Ahmad Yaseen

How to Index Foreign Key Columns in SQL Server

September 5, 2017 by

Before going through the main concern of this article, indexing the foreign key columns, let’s take a small trip back to review the SQL Server Indexes and Foreign Key concepts.

SQL Server Indexes Overview

A SQL Server index is considered as one of the most important performance-tuning factors. They are built on a table or view in the shape of the B-Tree structure to provide a fast access to the requested data, based on the index column’s values, speeding up the query processing. Without having an index in your table, the SQL Server Engine will scan all the table’s data in order to find the row that meets the requested data criteria. You can imagine the table scan as reading all the book pages in order to find a specific word, where the book index will help you in finding the requested information quickly.
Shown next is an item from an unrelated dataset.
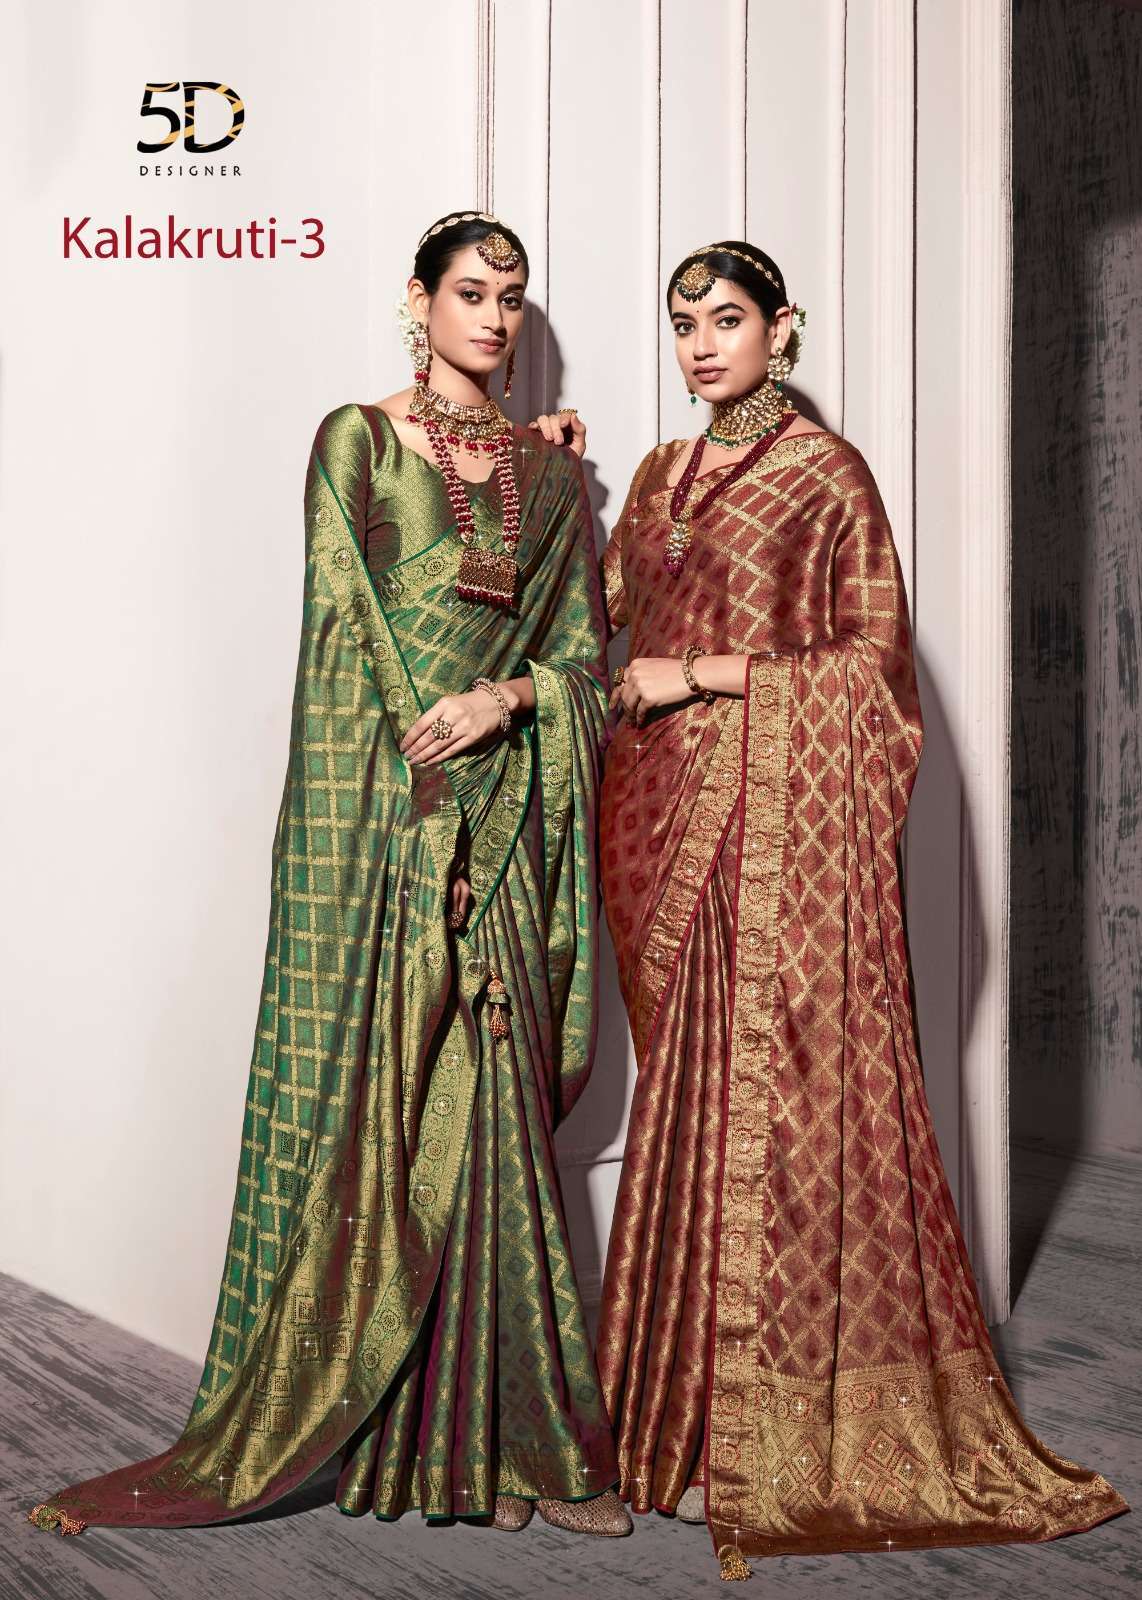 5d designer kalakruti vol 3 series 4139-4142 two tone pure silk saree

SQL Server offers mainly two types of indexes, a Clustered index that stores the actual data of the table at the leaf level of the index, including all the table columns, and control its sort in the disk. A Non-clustered index contains only the index key columns values in addition to a pointer to the actual data rows stored in the clustered index or the actual table, without specifying the real data order. You can create only one clustered index per each table, with the ability to create up to 999 non-clustered indexes on each table. A table with no clustered index is called a Heap table, with its actual data not sorted in the disk. There are other index types available in SQL Server, such as the Composite index that contains more than one key column, the Unique index that enforces the column values uniqueness and the Covering index that contains all columns needed by the query.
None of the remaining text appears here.